This time, as he streamed, Y/N sat on the couch doing her university work. She hated to admit it, but she'd left it to the last minute, with it due in the next day. So, stressed, she sat on the couch, typing away at her computer.
As Lando got ready to stream, he turned towards the door, waving her over. The stream had only just started, with not that many people watching.
"Lan," she said, leaning against the door frame. "How's the stream going? What're you playing?" She asked.
The stream could see her, could see what he was wearing. There were some that fawned over it, that thought she was adorable wearing an LN4 hoodie, and there were some that were insanely jealous.
But Lando wasn't looking at the chat, he couldn't see the comments being made.
He held his arms out and Y/N walked into them, pulling his head into her chest. "I think we're about to play Fortnite," he said as the people he was waiting for joined the stream.

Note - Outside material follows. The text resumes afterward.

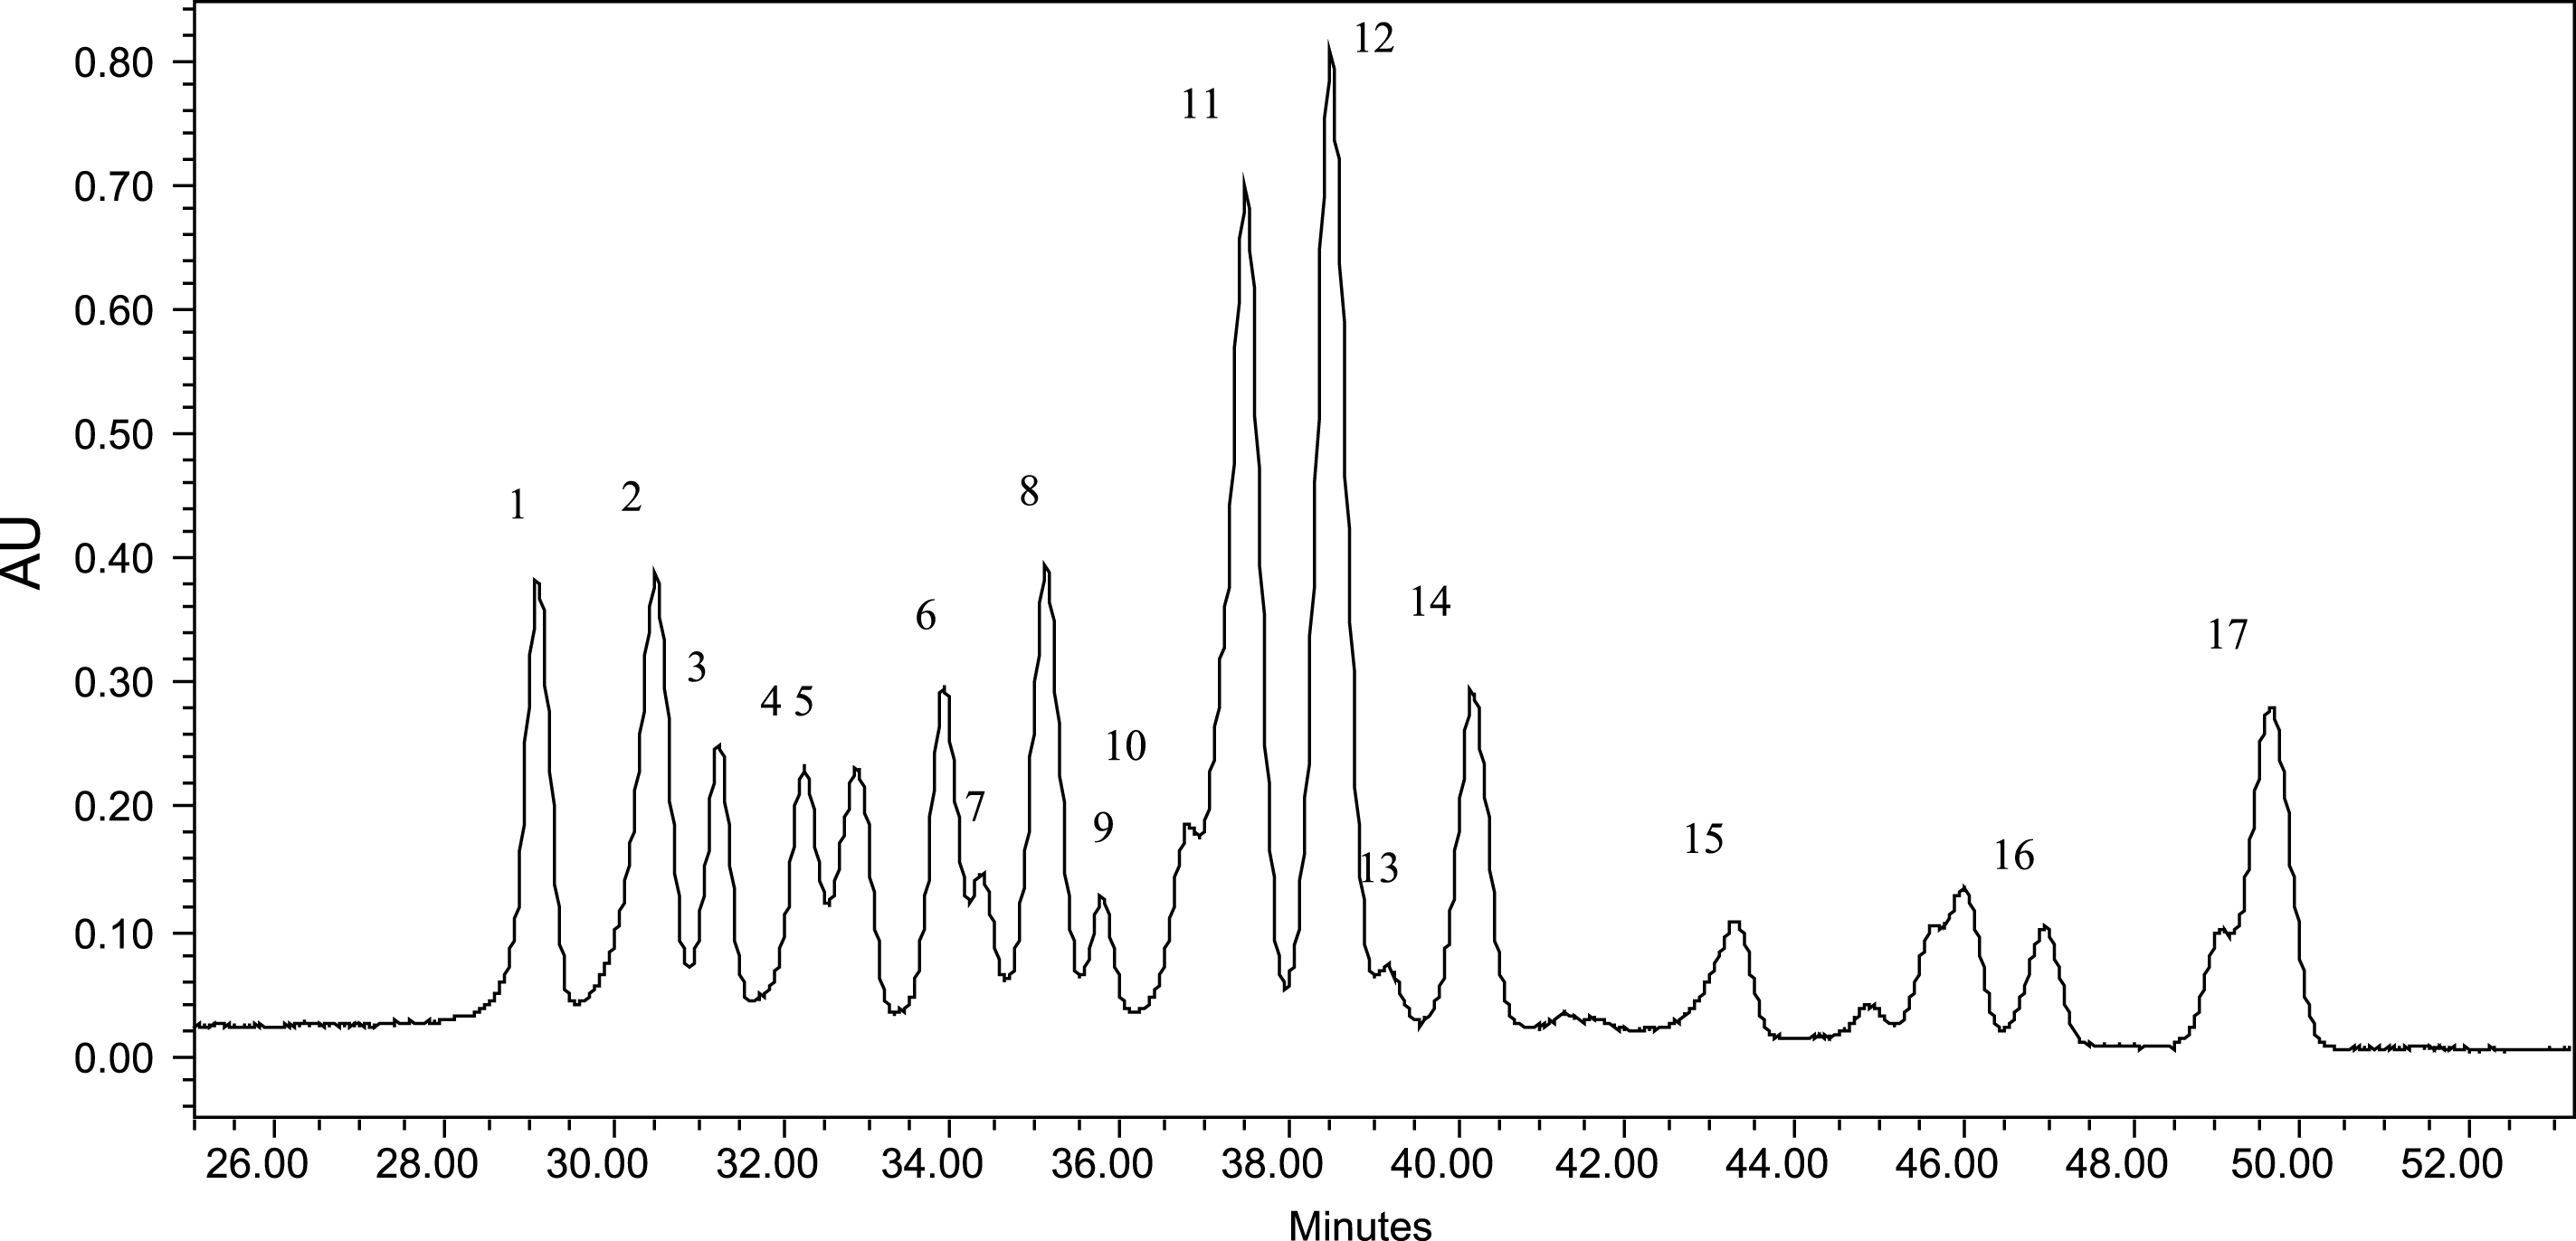 Typical HPLC chromatogram (Abs 520 nm) of blueberry juice anthocyanins. peak 1, delphinidin 3-O-galactoside (m/z 465/303); peak 2, delphinidin 3-O-glucoside (m/z 465/303); peak 3, cyanidin 3-O-galactoside (m/z 449/287); peak 4, delphinidin 3-O-arabinoside (m/z 435/303); peak 5, cyanidin 3-O-glucoside (m/z 449/287); peak 6, petunidin 3-O-galactoside (m/z 479/317); peak 7, cyanidin 3-O-arabinoside (m/z 419/287); peak 8, petunidin 3-O-glucoside (m/z 479/317); peak 9, peonidin 3-O-galactoside (m/z 463/301); peak 10, petunidin 3-O-arabinoside (m/z 449/317); peak 11, malvidin 3-O-galactoside (m/z 493/331); peak 12, malvidin 3-O-glucoside (m/z 493/331); peak 13, peonidin 3-O-arabinoside (m/z 433/301); peak 14, malvidin 3-O-arabinoside (m/z 463/331); peak 15, delphinidin 3-O-(6”-acetylglucoside) (m/z 507/303); peak 16, petunidin 3-O-(6”-acetylglucoside) (m/z 521/317); peak 17, malvidin 3-O-(6”-acetylglucoside) (m/z 535/331).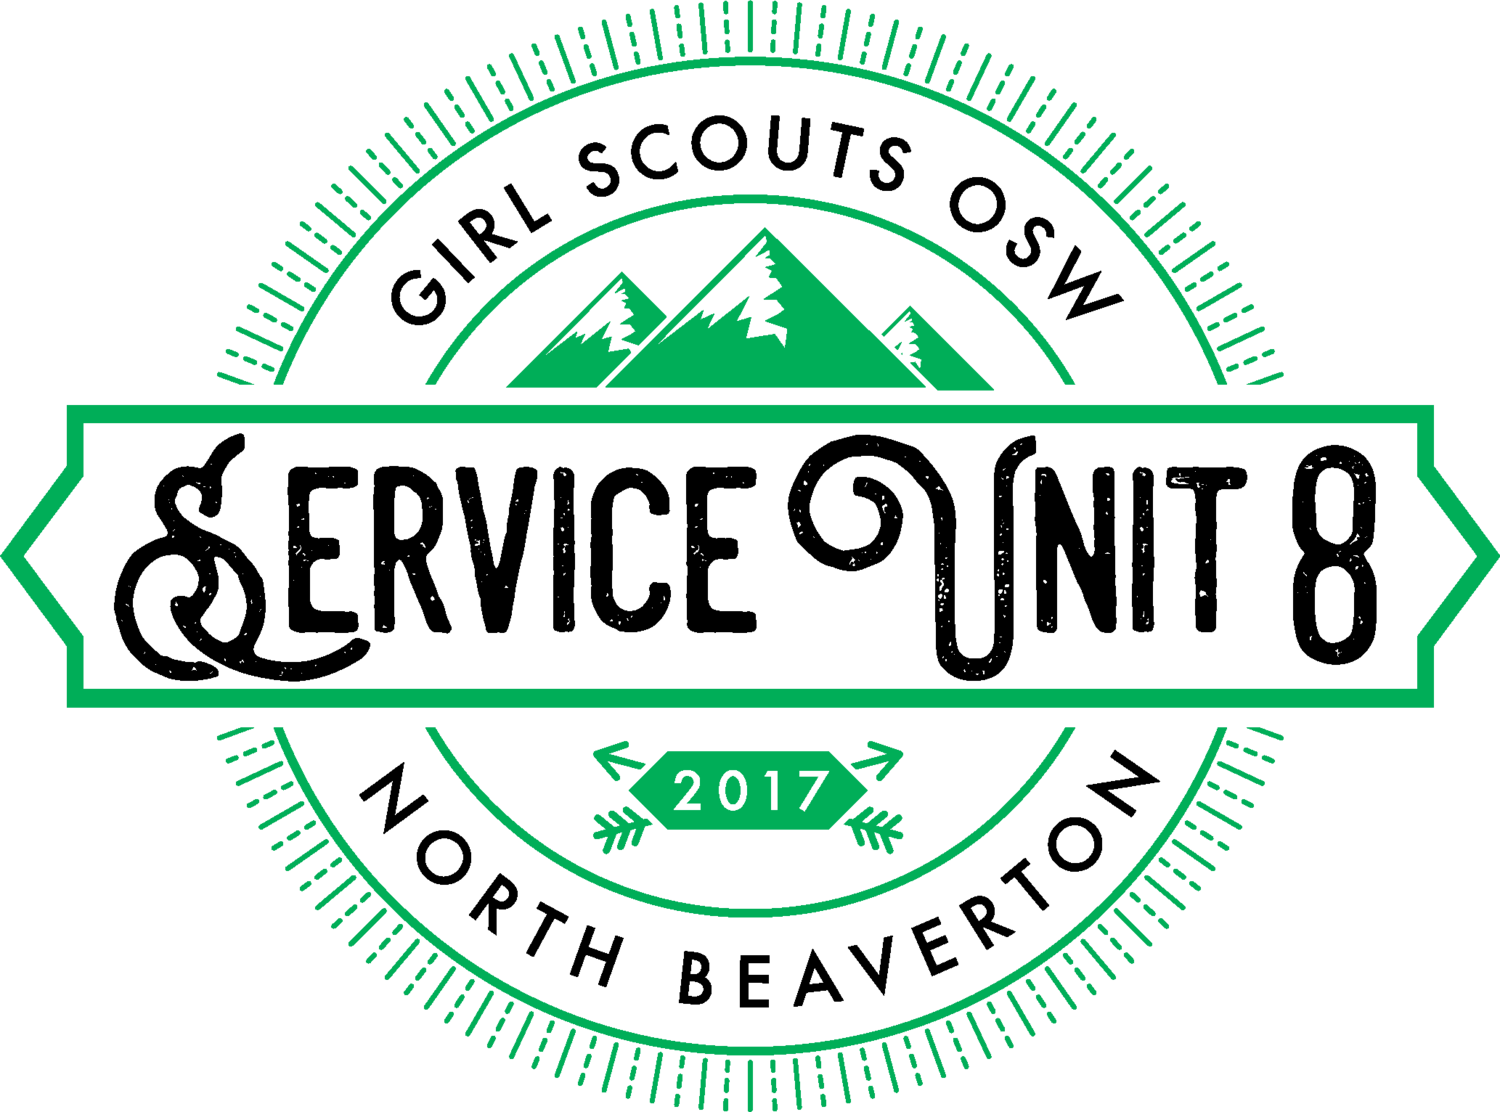 Girl Scout Camp Logo - Service Unit 8

Y/N pulled a face, which generated an insane amount of comments. "If you're playing fortnite I'm not staying in here," she said and pulled away from him.
Lando pouted, but the chat couldn't see it. All they could see was his head tipped to the side, hair held in place by his headphones.
"Right, I love you but I've got work to do," she said and kissed the top of her head.
But Lando didn't let go of her. He blinked up at her, lips pursed as he waited for her to kiss him. Rolling her eyes, she leaned down to kiss him and walked out of the room, returning to her laptop.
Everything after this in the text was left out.